Properties of arithmetical mean

1. It occupies an average (middle) position in variation line

2. It has abstract character

3. Sum of deflection of all variants from medium value is equal to 0

The middle harmonious settles accounts in those cases, when information about a numerator in default of such in relation to a denominator is known.

The middle geometrical is determined for those parameters, the changes of values of which pass in geometrical progression (change of value of population in a period between censuses, results of vaccines, increase of mass of body of new-born during the separate months of life and other).

The second property of statistical totalities is the average level of the phenomenon that is studied.

A variation row is the row of the numerical measuring of certain, which differ each from an other in size and are located in the definite order. For example, students according to then growth.

Elements of variation row:

· variant – / V / it is every numerical meaning of characteristic which is studied;

· frequency – / р / it is the absolute value of separate variants in totality which specifies, how many times given variant is observed in a variation row.

Variation rows are simple and grouped. Simple variation row is a row, in which each of the variant is gistered separately, and the amount of supervisions is less than 30.

Construction of the grouped variation row:

1. Determination of amount of groups in a variation row.

2. Determination of duration of interval between groups /i/.

Vmax – Vmin

r number of groups

3. Determination of the beginning, middle and end of the group.

4. Assignment of the cases of supervisions to the groups.

5. Graphic reflection of variation row.

The middle level of characteristic is the second property of statistical totality.

Middle level gives summarizing description to different sizes of characteristic, expressing it by one number.

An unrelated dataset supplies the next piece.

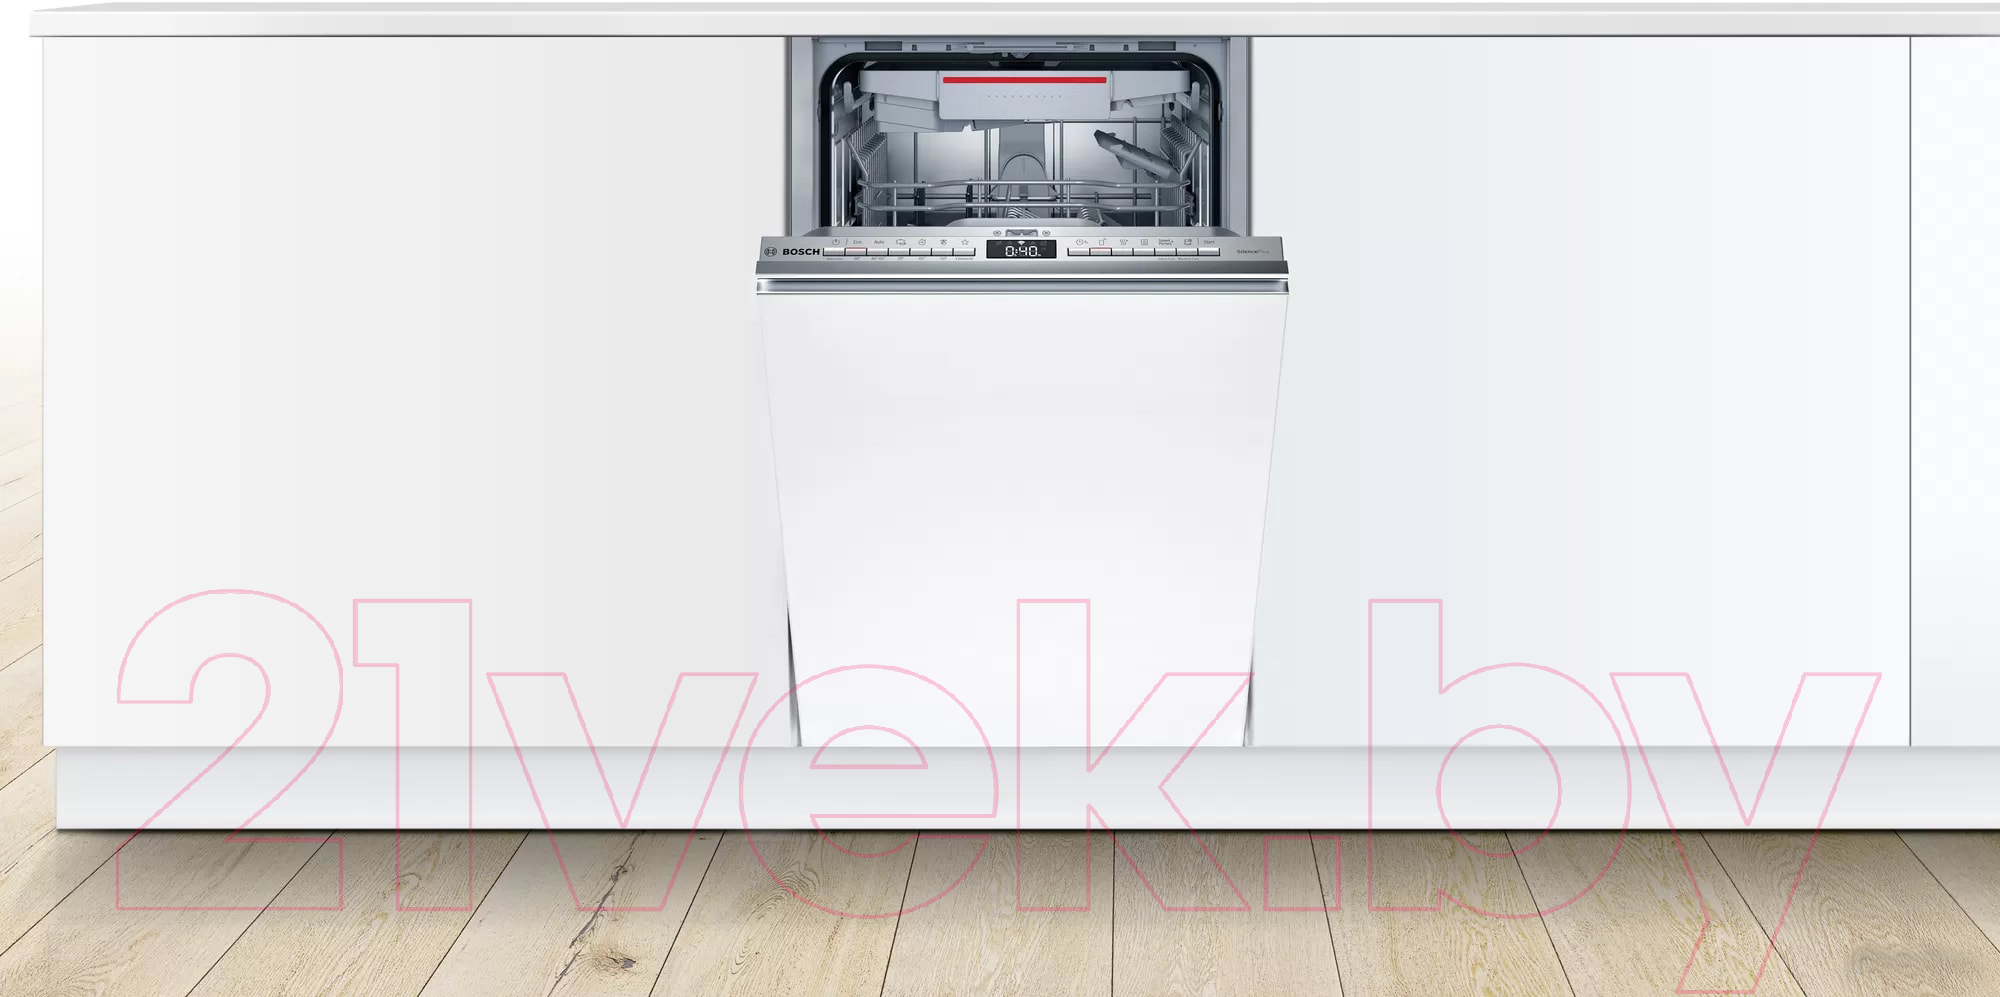 Посудомоечная машина Bosch SPV4HMX61E

Examples: middle duration of stay of patient on a bed; middle-weight of new-born; middle frequency of breathing.

An average value is a number, which expresses the general measure of the explored characteristic in the totality.

Average values are parameters of the basic quality of the phenomena which are studied, or a unit of measurements of the central tendency of distribution a variant.

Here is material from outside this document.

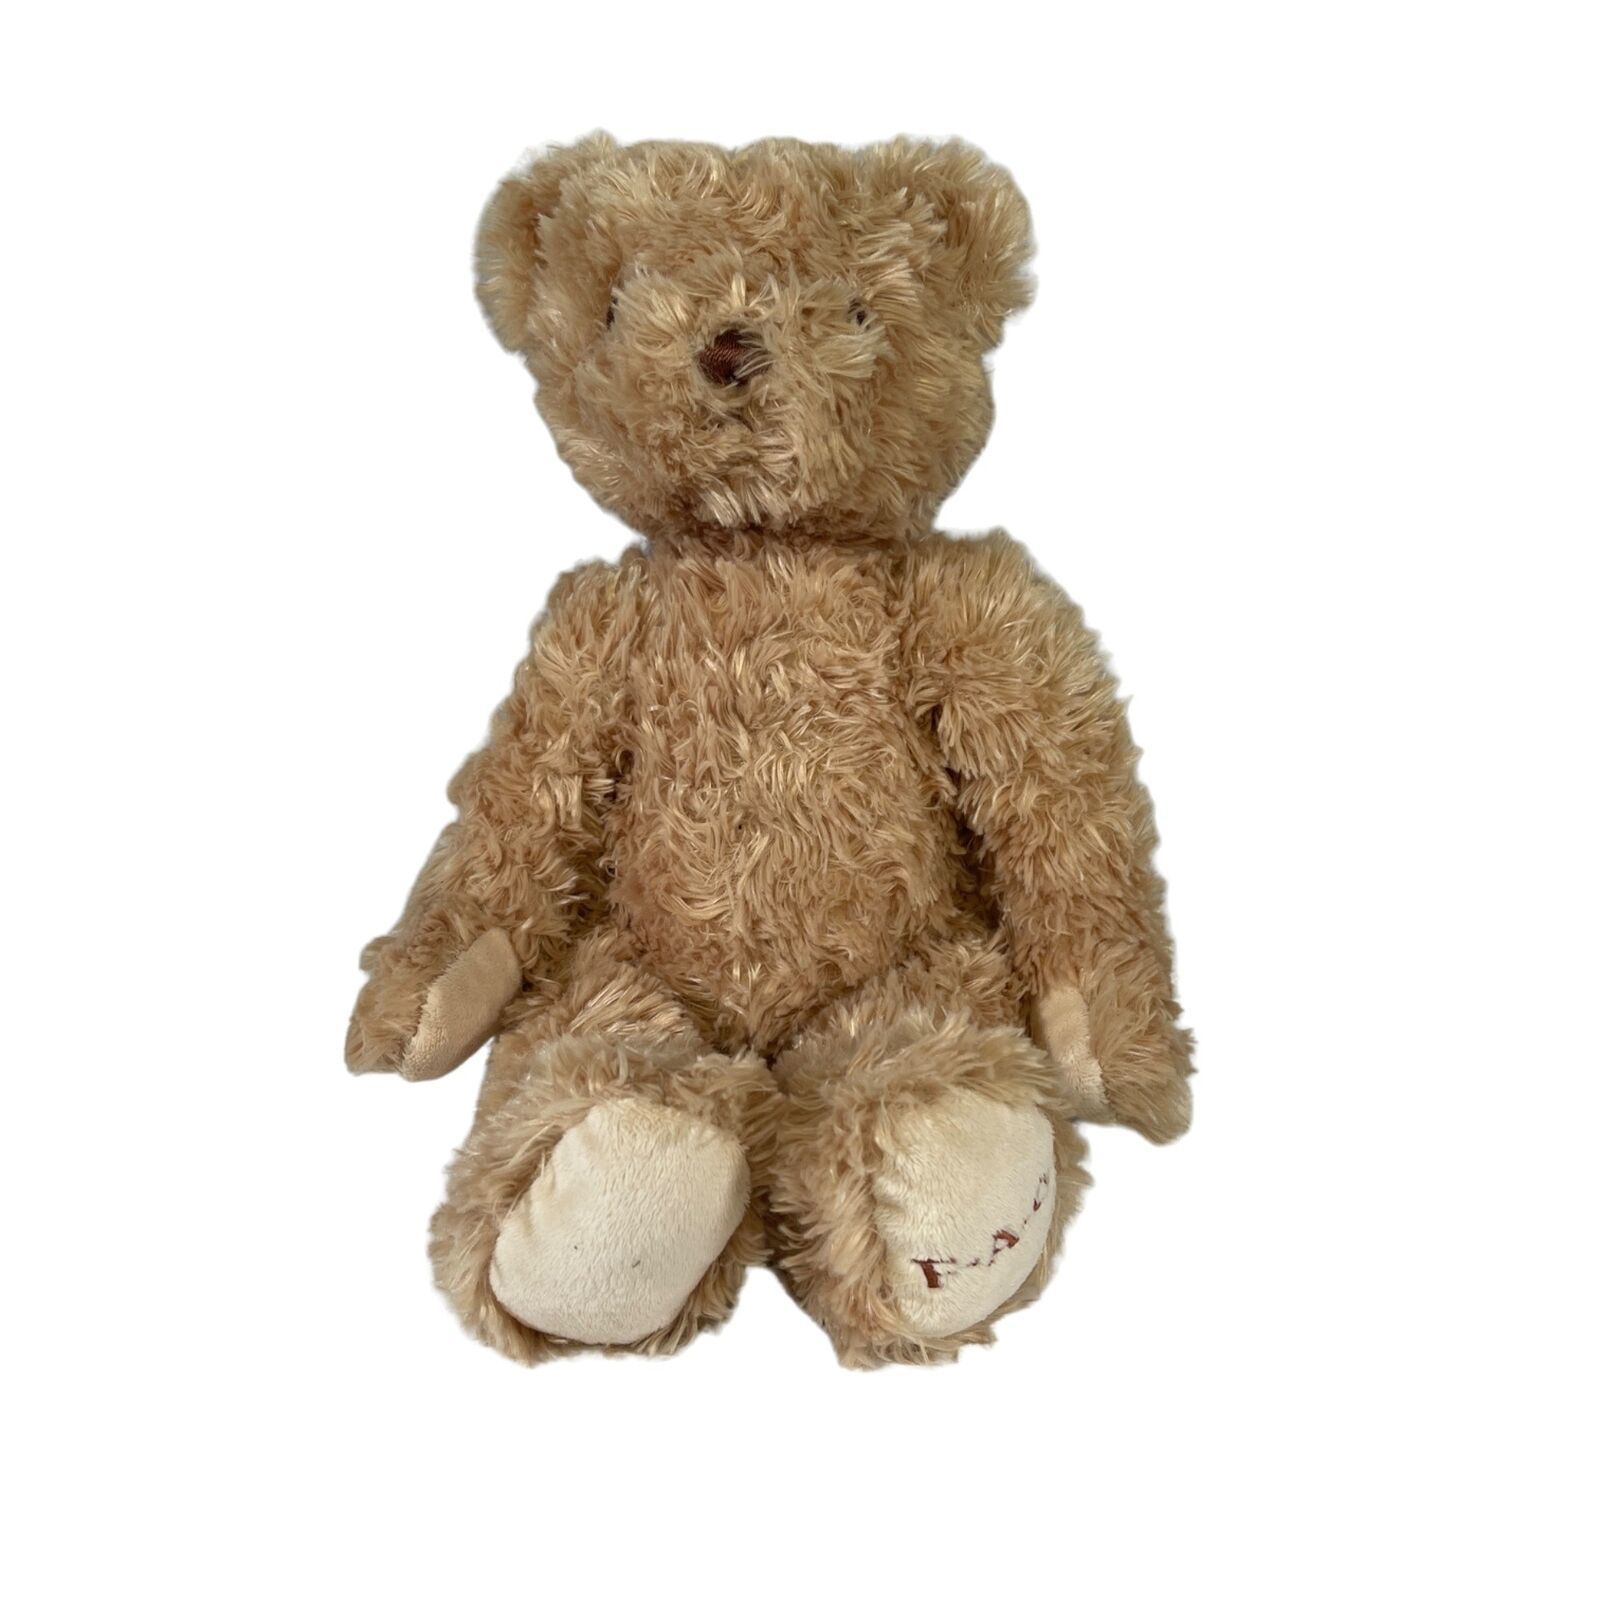 FAO Schwarz Tan Fuzzy Teddy Bear 12" Sitting - $10.39

In all researches which concern a state of health, the great value has comparison of the phenomenon with the standard as which the average value acts.

Average values can be expressed by absolute or Relative values.

A Moda is the size of characteristic, which can be more frequently observed in this totality. Module or dominant – is a variant, which occurs in a variation line with the greatest frequency.

A Median is the size of characteristic, which occupies the middle position in a variation row.

Ме = at the odd amount of supervisions

Ме = at the paired amount of supervisions

Median – is a variant, which occupies median position. In a case if number of the variant is pair, the median represents average value of two variant, which occupy median position.

So, the phenomena which have the variant character are estimated by average number. For example, 60 patients had different duration of disease – from one till 45 days.

The list of duration of each case or variants of disease gives a certaiotion about this disease.

However, it is possible to characterize duration of current of this disease by one number, a so-called average parameter.

If to sum up duration of current of disease any of 60 fallen ill and to share the received sum into general number of patients we shall have the average duration of current of disease. For example, in our case it is equal to 22 days.

This number can be compared to average term of duration of other disease and to express, for example, concerning their complexity.

It is clear, that the greater term of current of disease is the more complex the treatment. So, the average number allows to characterize by one number the phenomenon which can have a set of an individual displays.

Average terms of stay of the patient concern to average number of beds, average cost of treatment of one patient, etc.

For an estimation of health of the population and activity of medical institutions it is possible to use both general or continuous, and selective statistical sets.

Certainly, general totality gives absolutely authentic result. The sample gives the approached result, but, under condition of correct selection of observation units, this result essentially does not differ from that general totality gives.

Taking into account this circumstance, and also huge economy of forces and means, it is necessary to use mainly selective statistical set.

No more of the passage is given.